Sven Enger hingehen sieht in Versicherungen primär ihr Crash-Potenzial. „Sie kommen jetzt in die Zeit der Babyboomer und vieler ablaufender Versicherungen“, argumentierte er – und stellte die Frage, was wäre, wenn ein großes Versicherungsunternehmen nicht mehr in der Lage ist, den versprochenen Zinssatz auszuzahlen.

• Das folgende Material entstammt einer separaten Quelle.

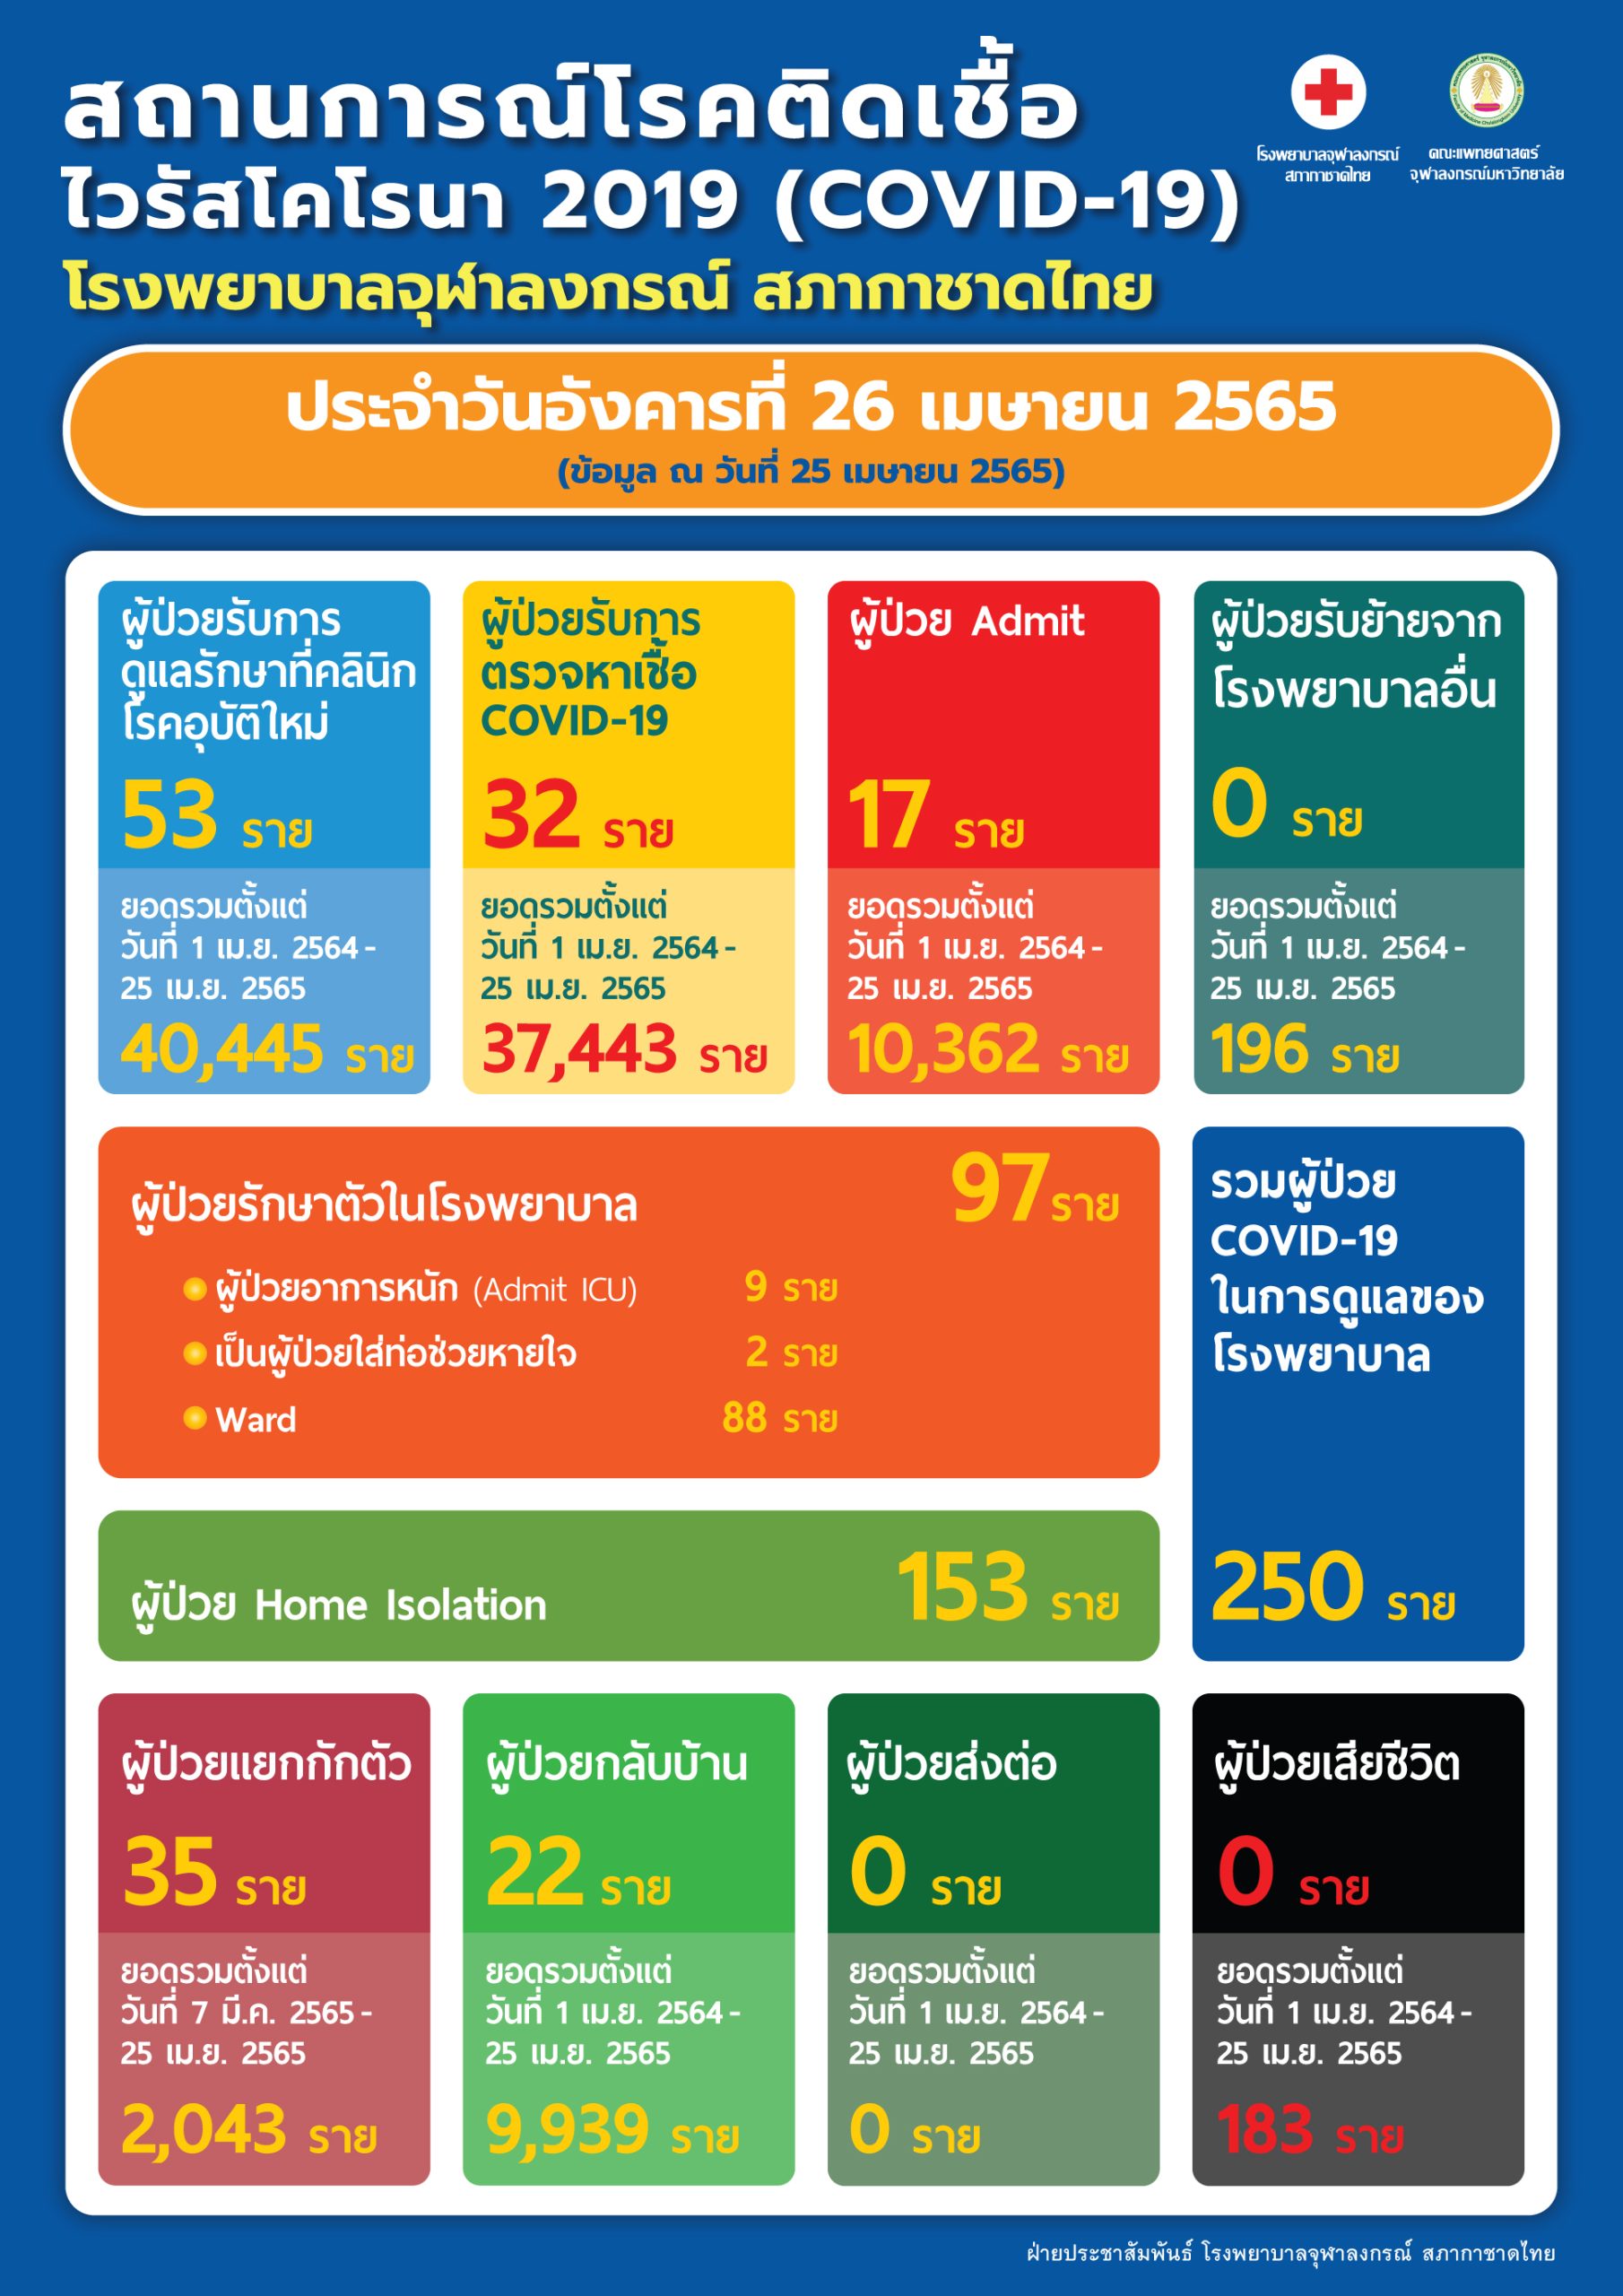 สถานการณ์โรคติดเชื้อ ไวรัสโคโรนา 2019 (COVID-19) โรงพยาบาลจุฬาลงกรณ์ สภากาชาดไทย ประจำวันอังคารที่ 26 เมษายน 2565

„Wer jetzt noch eine Kapitallebensversicherung kauft, der ist nach der Diskussion selber schuld“, urteilte Ulrich Schneider. „Selbst, wenn es nicht zum Crash kommt – an diese These glaube ich auch nicht – und selbst wenn es […] finanziell unvernünftig sein kann, eine Lebensversicherung zu kündigen. Aber ich habe das gelernt: Die Menschen werden in einer Form beraten, dass sie einfach an Dinge glaubten, an die sie glauben wollten, die aber nicht garantiert waren. Und das ist offensichtlich Geschäftsmodell.“

„Die tragende Säule ist die gesetzliche Rentenversicherung“, argumentierte CDU-Politiker Ralph Brinkhaus. Sein Appell: Kunden sollen nicht durch kryptische Mitteilungen, sondern durch klar verständliche Briefe im Stil der „Sendung mit der Maus“ über die Faktenlage informiert werden. Sein Urteil: Früher hätten „Leute Versicherungen verkauft, die selbst nicht mal Ahnung hatten, was da drin steht.“

Kerstin Becker-Eiselen von der Verbraucherzentrale Hamburg erzählte im Rahmen der Diskussionsrunde von Fällen, in denen Versicherungen versuchen, Kunden zu überzeugen, Verträge mit guten Konditionen zu kündigen: „Wir wissen, dass in den Beratungen tatsächlich die Menschen dazu überredet werden sollen, aus diesen […] ‚guten’ Verträgen rauszugehen, weil sie zu teuer werden.“

Auch Tauschangebote gäbe es immer wieder. Börsenexpertin Kohl riet, Verträge von vor 2005 keinesfalls zu kündigen: „Alte Verträge, die vor 2005 abgeschlossen wurden, rentieren sich, sind steuerfrei, solche alten Verträge sollte man nicht kündigen.“

Neben den etlichen Warnszenarios herrschte hier zum ersten Mal so etwas wie ein Konsens: Denn auch Schwark riet, bestehende Versicherungen keinesfalls zu stornieren, sondern fortzusetzen.